**PROBLEM:**
Repeat the data that follows in full. Do not include the pictures.

**INFORMATION SUPPLIED:**

---*---

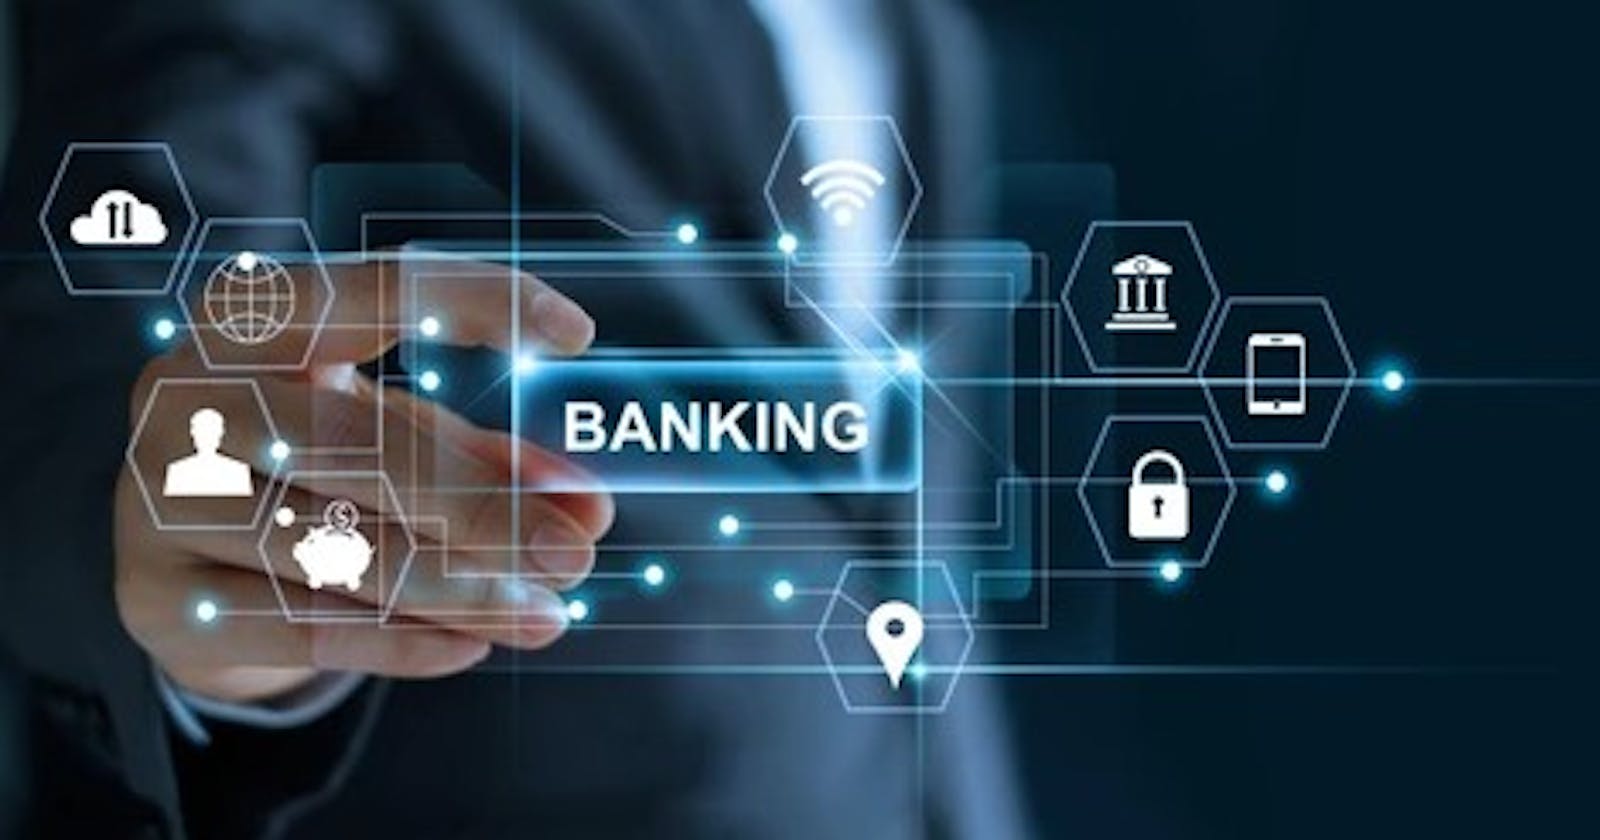 The Power of Object-Oriented Programming in Java for Banking Applications
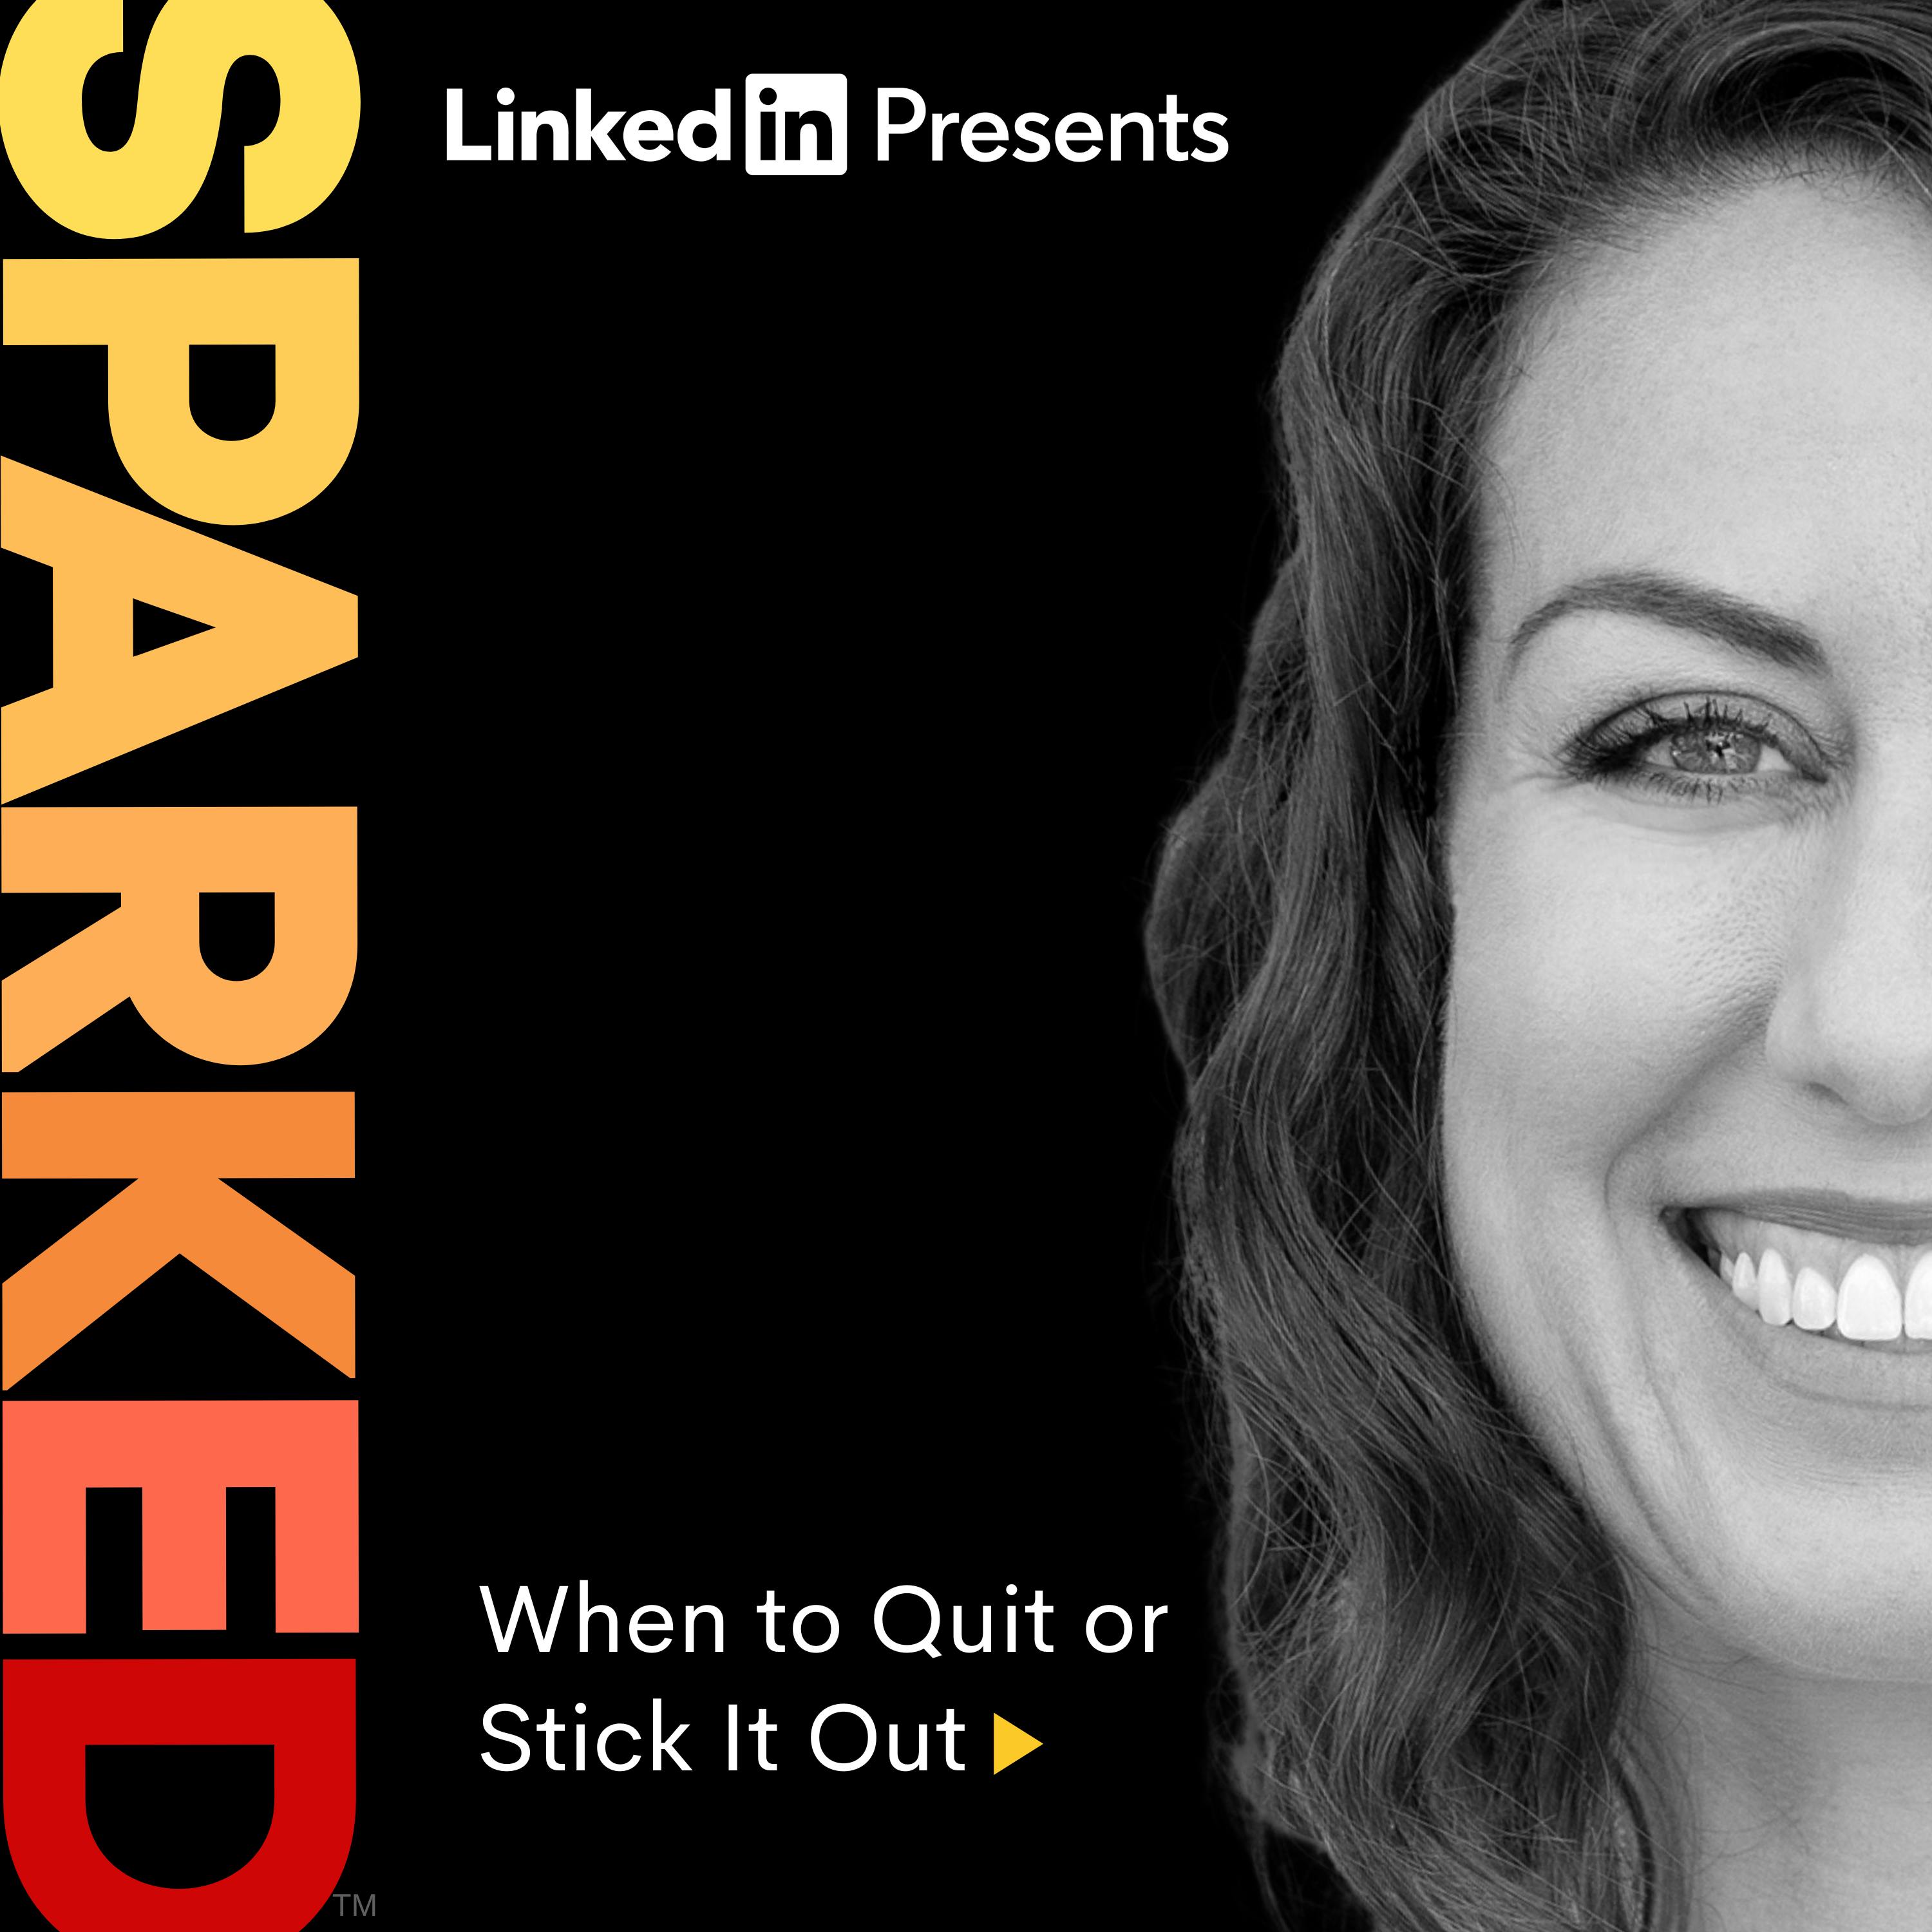 When to Quit or Stick It Out
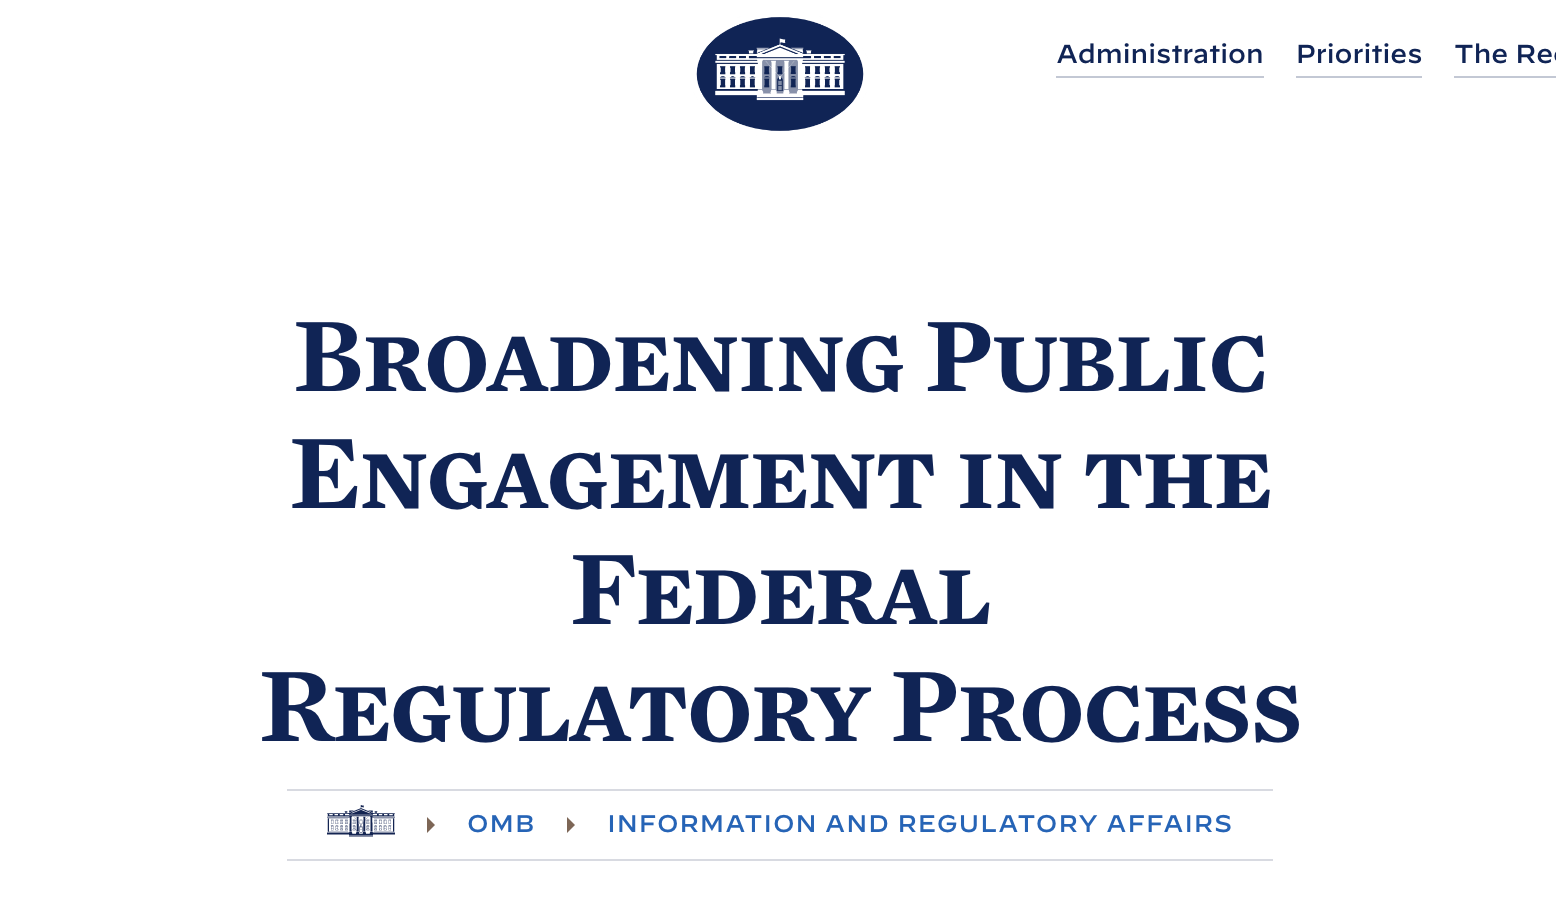 EDGI’s Public Comment on Broadening Public Engagement in the Federal Regulatory Process

---*---

**WRITTEN RESPONSE:**
 The Power of Object-Oriented Programming in Java for Banking Applications
 When to Quit or Stick It Out
 EDGI’s Public Comment on Broadening Public Engagement in the Federal Regulatory Process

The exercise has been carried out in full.